= Otto Probst =

Austrian political activist (1911-1978)

Otto Probst (29 December 1911 – 22 December 1978) was an Austrian political activist. He survived World War II, despite spending most of it in the Buchenwald concentration camp, followed by two years in a punishment battalion sent to support the war effort on the Russian front. After 1945 he became a mainstream Social Democratic politician, eventually serving between 1970 and his death in 1978 as Third President of the National Council ("Nationalratspräsident").

==Biography==
===Provenance and early years===
Otto Probst was born in the Favoriten district of Vienna. Urban Probst, his father, was a carter/courier originally from the Lavant Valley in eastern Carinthia. His mother, born Maria Szerenczi, was from Rechnitz on the Austria-Hungary frontier. He joined the Young Socialists, still aged only 15, in 1926 and remained a member till 1934. From 1930 he was also a member of the Social Democratic Party. Otto Probst attended the "Further education college for graphic arts" ("Fortbildungsschule für das graphische Gewerbe") between 1926 and 1930. Between 1932 and 1934 he worked in the Youth Protection Office of the Vienna "Chamber of Labour" ("Arbeitskammer"), where he was involved in the "Youth in Need" and the "Youth at work" initiatives. A period of unemployment followed.

===Austrofascism===
Between 1934 and 1938 he was a member of the Austrian Revolutionary Socialists ("Revolutionäre Sozialisten Österreichs" / RS). Political activity on behalf of the (now banned) Socialist parties had been illegal since shortly before the short-lived insurrection in February 1934. Directly after the insurrection Probst found himself held for several days in political detention because he had been identified as a member of the national executive of the Young Socialists.
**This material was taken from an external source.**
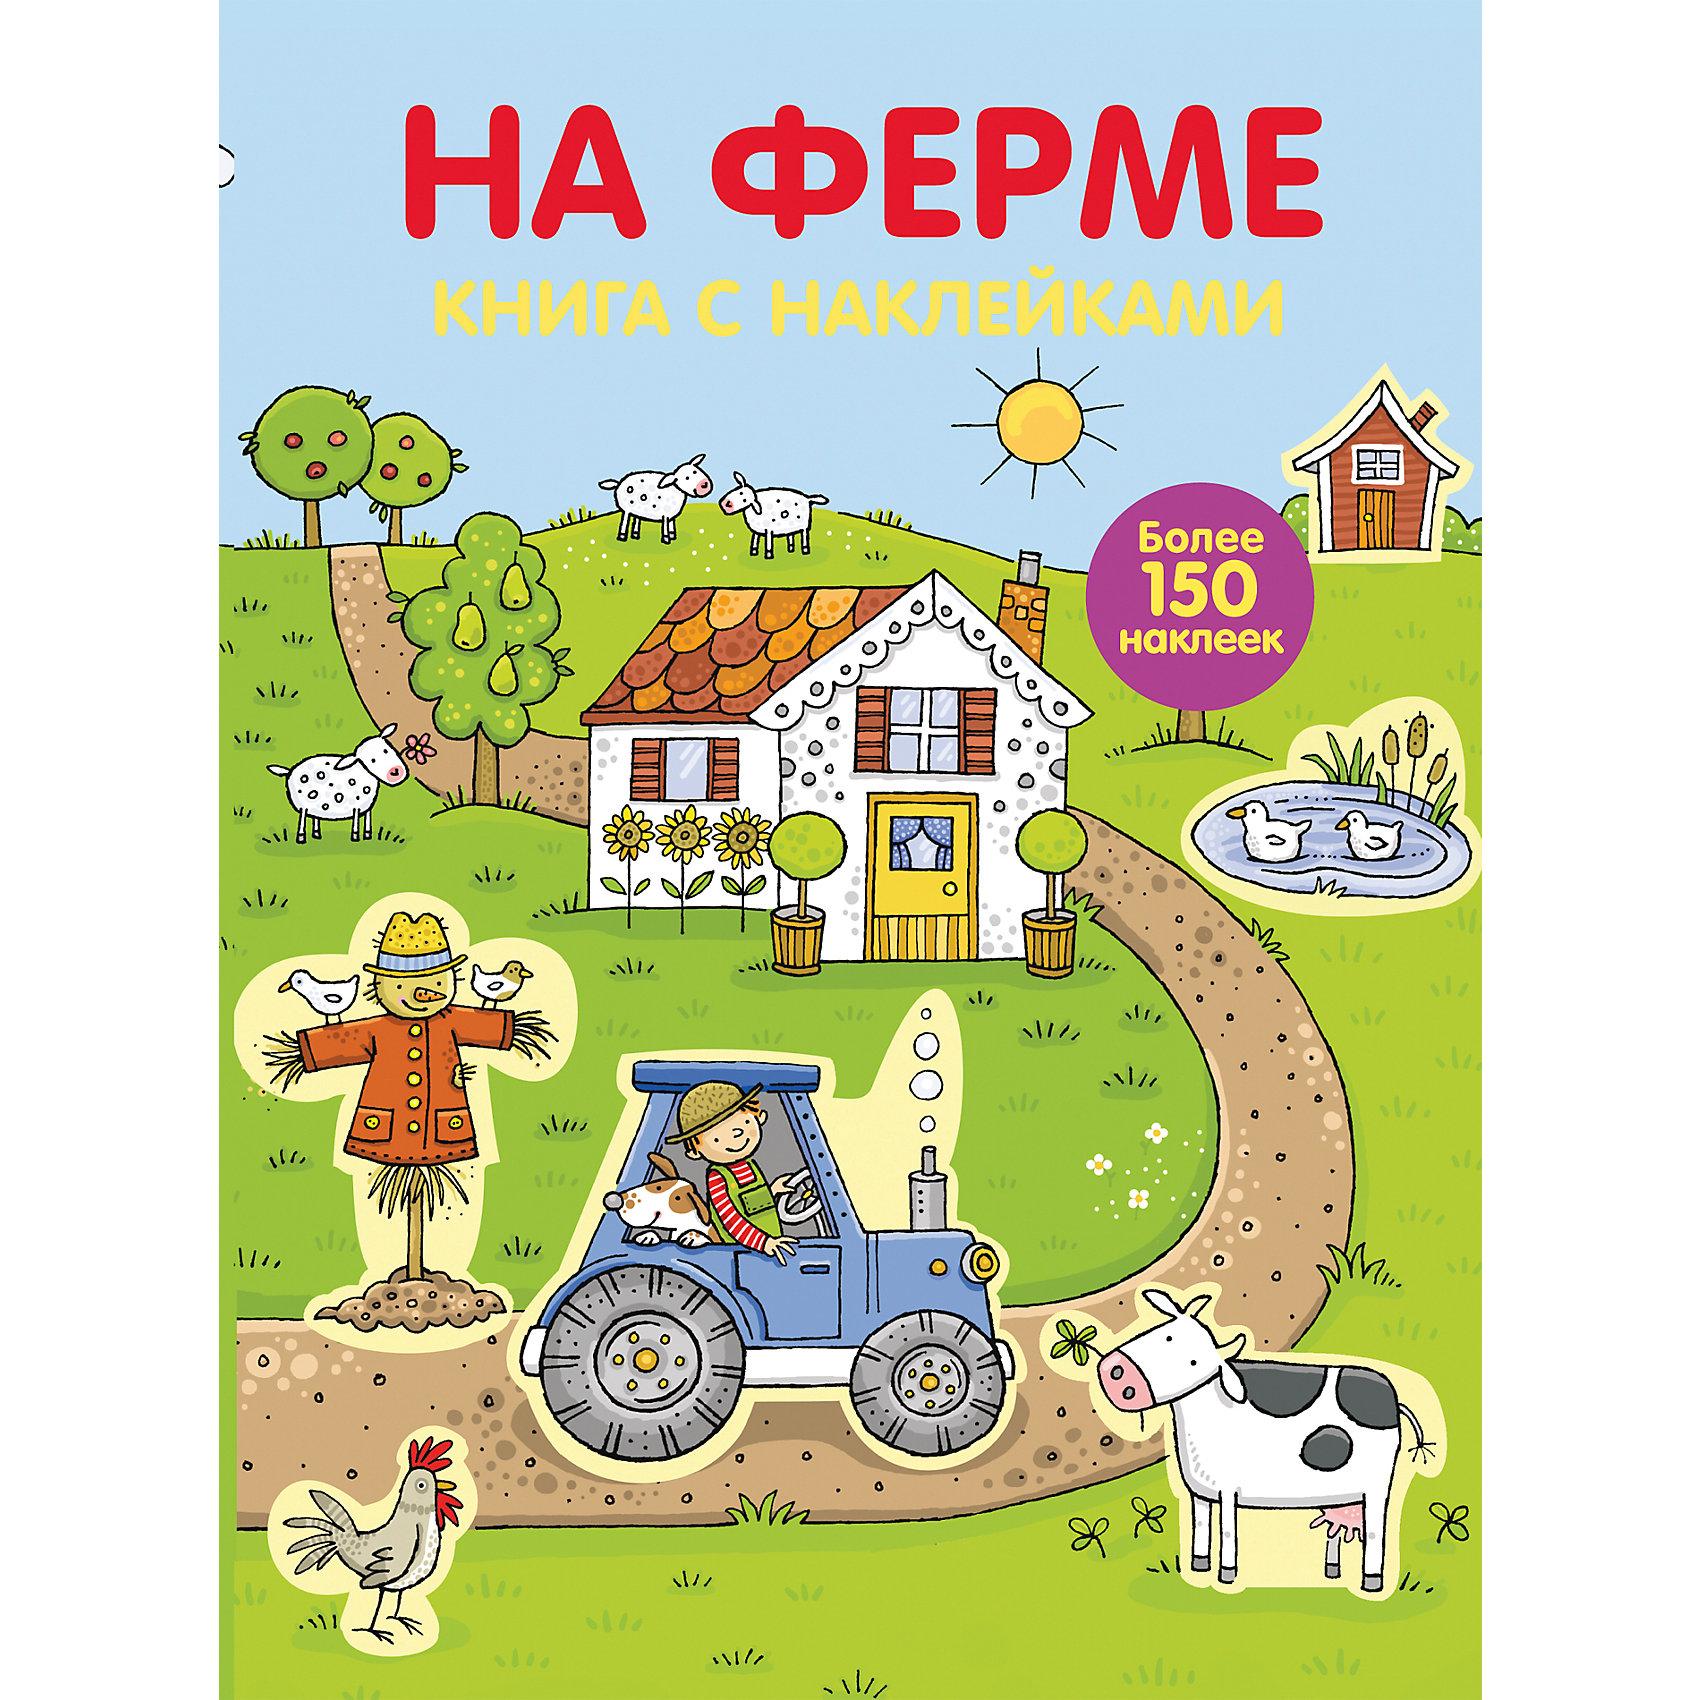 Книга с наклейками На фермеТворчество для малышей<br>Сто наклеек и веселые задания  надолго увлекут малыша и познакомят его с животными, которые живут на ферме. <br><br>Дополнительная информация:<br><br>- Формат: 28х21 см.<br>- Переплет: мягкий.<br>- Иллюстрации: цветные.<br>- Количество страниц: 16 стр.<br>- Переводчик: Доронина Е. А.<br><br>Книгу с наклейками На ферме можно купить в нашем магазине.<br><br>Ширина мм: 290<br>Глубина мм: 217<br>Высота мм: 10<br>Вес г: 112<br>Возраст от месяцев: 48<br>Возраст до месяцев: 72<br>Пол: Унисекс<br>Возраст: Детский<br>SKU: 4047787

Other leading roles in socialist organisations on a local level were also cited. There were further periods of political detention followed in 1935/36 and again, briefly, in 1937. In the long-remembered [[:de:Sozialistenprozess|"Socialist [show] Trial"]] of 1936 he was one of the 30 people facing charges involving illegal political activism. but in the end he was set free for lack of evidence.

===Great Germany===
Following the largely peaceful invasion of Austria by Nazi Germany Probst was able to work, between 1938 and 1939, as a welder. Then in August 1939 he was caught up in a Gestapo wave of arrests targeting remaining Revolutionary Socialist activists, and transferred to the Buchenwald concentration camp where he was kept till 1943. That year he was placed in an army punishment battalion sent to support the war effort on the Russian front.

===Postwar politics===
The end of the war marked a return to democracy, and he played a leading part in re-establishing the party in the Favoriten quarter (Vienna 10th district), becoming the longstanding chairman of the local party. He became known, half jokingly, as the "Emperor of Favoriten" (der "Kaiser von Favoriten"). "Between 1946 and 1970 Otto Probst served as National Secretary (Zentralsekretär) of the Social Democratic Party. During that period he was also, between 19 December 1945 and 24 June 1970, a member of parliament ("Abgeordneter zum Nationalrat"). That covered ten parliamentary sessions, between the fifth and the fourteenth.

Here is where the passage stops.